Problem to solve –
Could you repeat every record exactly as it appears?

Supplied records –

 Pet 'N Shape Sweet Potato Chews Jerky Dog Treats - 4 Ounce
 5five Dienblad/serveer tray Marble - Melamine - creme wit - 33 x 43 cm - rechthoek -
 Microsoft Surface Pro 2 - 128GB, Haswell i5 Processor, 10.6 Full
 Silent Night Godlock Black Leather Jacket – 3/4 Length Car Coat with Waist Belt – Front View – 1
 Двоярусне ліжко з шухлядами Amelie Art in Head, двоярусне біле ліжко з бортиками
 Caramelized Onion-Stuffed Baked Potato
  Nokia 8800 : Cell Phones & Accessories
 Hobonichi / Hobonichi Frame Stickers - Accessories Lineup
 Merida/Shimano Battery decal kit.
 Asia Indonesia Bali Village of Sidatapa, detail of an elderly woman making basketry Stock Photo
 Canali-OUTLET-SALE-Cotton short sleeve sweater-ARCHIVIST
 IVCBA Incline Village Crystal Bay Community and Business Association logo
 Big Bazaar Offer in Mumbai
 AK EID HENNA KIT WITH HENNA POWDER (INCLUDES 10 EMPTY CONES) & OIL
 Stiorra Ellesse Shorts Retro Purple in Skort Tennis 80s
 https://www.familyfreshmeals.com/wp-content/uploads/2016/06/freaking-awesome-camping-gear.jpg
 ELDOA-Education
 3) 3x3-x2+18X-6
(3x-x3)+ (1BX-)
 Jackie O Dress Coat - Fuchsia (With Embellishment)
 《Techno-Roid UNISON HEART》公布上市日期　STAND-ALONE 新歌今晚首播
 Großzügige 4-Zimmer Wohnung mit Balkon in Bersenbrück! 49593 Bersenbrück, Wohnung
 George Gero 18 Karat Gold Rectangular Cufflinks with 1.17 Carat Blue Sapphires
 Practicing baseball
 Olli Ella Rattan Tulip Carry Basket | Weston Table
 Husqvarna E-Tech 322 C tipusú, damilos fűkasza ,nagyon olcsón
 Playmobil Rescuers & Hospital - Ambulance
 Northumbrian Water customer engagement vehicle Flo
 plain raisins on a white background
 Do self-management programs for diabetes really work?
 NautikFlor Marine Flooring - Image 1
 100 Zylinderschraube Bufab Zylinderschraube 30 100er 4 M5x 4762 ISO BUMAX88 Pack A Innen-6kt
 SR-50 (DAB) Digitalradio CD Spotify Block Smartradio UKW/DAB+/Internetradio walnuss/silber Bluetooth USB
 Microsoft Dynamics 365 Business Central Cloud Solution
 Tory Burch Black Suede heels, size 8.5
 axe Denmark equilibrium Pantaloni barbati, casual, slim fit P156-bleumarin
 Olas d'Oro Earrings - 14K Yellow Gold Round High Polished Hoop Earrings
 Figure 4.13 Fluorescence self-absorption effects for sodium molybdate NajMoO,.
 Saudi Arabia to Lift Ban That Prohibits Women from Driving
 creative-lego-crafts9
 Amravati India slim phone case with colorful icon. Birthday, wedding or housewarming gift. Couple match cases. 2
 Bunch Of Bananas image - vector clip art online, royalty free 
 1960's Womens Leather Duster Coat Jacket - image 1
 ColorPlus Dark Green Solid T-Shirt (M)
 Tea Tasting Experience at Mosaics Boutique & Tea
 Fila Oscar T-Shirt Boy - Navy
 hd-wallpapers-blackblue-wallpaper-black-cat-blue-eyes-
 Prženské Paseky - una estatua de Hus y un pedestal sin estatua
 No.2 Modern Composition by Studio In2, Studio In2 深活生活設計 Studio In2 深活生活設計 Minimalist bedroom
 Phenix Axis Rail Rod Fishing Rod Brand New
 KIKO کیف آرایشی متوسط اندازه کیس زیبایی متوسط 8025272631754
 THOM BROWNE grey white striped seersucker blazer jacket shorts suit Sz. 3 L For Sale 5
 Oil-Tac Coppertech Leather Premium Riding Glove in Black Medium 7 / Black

Task answer –
 Pet 'N Shape Sweet Potato Chews Jerky Dog Treats - 4 Ounce
 5five Dienblad/serveer tray Marble - Melamine - creme wit - 33 x 43 cm - rechthoek -
 Microsoft Surface Pro 2 - 128GB, Haswell i5 Processor, 10.6 Full
 Silent Night Godlock Black Leather Jacket – 3/4 Length Car Coat with Waist Belt – Front View – 1
 Двоярусне ліжко з шухлядами Amelie Art in Head, двоярусне біле ліжко з бортиками
 Caramelized Onion-Stuffed Baked Potato
  Nokia 8800 : Cell Phones & Accessories
 Hobonichi / Hobonichi Frame Stickers - Accessories Lineup
 Merida/Shimano Battery decal kit.
 Asia Indonesia Bali Village of Sidatapa, detail of an elderly woman making basketry Stock Photo
 Canali-OUTLET-SALE-Cotton short sleeve sweater-ARCHIVIST
 IVCBA Incline Village Crystal Bay Community and Business Association logo
 Big Bazaar Offer in Mumbai
 AK EID HENNA KIT WITH HENNA POWDER (INCLUDES 10 EMPTY CONES) & OIL
 Stiorra Ellesse Shorts Retro Purple in Skort Tennis 80s
 https://www.familyfreshmeals.com/wp-content/uploads/2016/06/freaking-awesome-camping-gear.jpg
 ELDOA-Education
 3) 3x3-x2+18X-6
(3x-x3)+ (1BX-)
 Jackie O Dress Coat - Fuchsia (With Embellishment)
 《Techno-Roid UNISON HEART》公布上市日期　STAND-ALONE 新歌今晚首播
 Großzügige 4-Zimmer Wohnung mit Balkon in Bersenbrück! 49593 Bersenbrück, Wohnung
 George Gero 18 Karat Gold Rectangular Cufflinks with 1.17 Carat Blue Sapphires
 Practicing baseball
 Olli Ella Rattan Tulip Carry Basket | Weston Table
 Husqvarna E-Tech 322 C tipusú, damilos fűkasza ,nagyon olcsón
 Playmobil Rescuers & Hospital - Ambulance
 Northumbrian Water customer engagement vehicle Flo
 plain raisins on a white background
 Do self-management programs for diabetes really work?
 NautikFlor Marine Flooring - Image 1
 100 Zylinderschraube Bufab Zylinderschraube 30 100er 4 M5x 4762 ISO BUMAX88 Pack A Innen-6kt
 SR-50 (DAB) Digitalradio CD Spotify Block Smartradio UKW/DAB+/Internetradio walnuss/silber Bluetooth USB
 Microsoft Dynamics 365 Business Central Cloud Solution
 Tory Burch Black Suede heels, size 8.5
 axe Denmark equilibrium Pantaloni barbati, casual, slim fit P156-bleumarin
 Olas d'Oro Earrings - 14K Yellow Gold Round High Polished Hoop Earrings
 Figure 4.13 Fluorescence self-absorption effects for sodium molybdate NajMoO,.
 Saudi Arabia to Lift Ban That Prohibits Women from Driving
 creative-lego-crafts9
 Amravati India slim phone case with colorful icon. Birthday, wedding or housewarming gift. Couple match cases. 2
 Bunch Of Bananas image - vector clip art online, royalty free 
 1960's Womens Leather Duster Coat Jacket - image 1
 ColorPlus Dark Green Solid T-Shirt (M)
 Tea Tasting Experience at Mosaics Boutique & Tea
 Fila Oscar T-Shirt Boy - Navy
 hd-wallpapers-blackblue-wallpaper-black-cat-blue-eyes-
 Prženské Paseky - una estatua de Hus y un pedestal sin estatua
 No.2 Modern Composition by Studio In2, Studio In2 深活生活設計 Studio In2 深活生活設計 Minimalist bedroom
 Phenix Axis Rail Rod Fishing Rod Brand New
 KIKO کیف آرایشی متوسط اندازه کیس زیبایی متوسط 8025272631754
 THOM BROWNE grey white striped seersucker blazer jacket shorts suit Sz. 3 L For Sale 5
 Oil-Tac Coppertech Leather Premium Riding Glove in Black Medium 7 / Black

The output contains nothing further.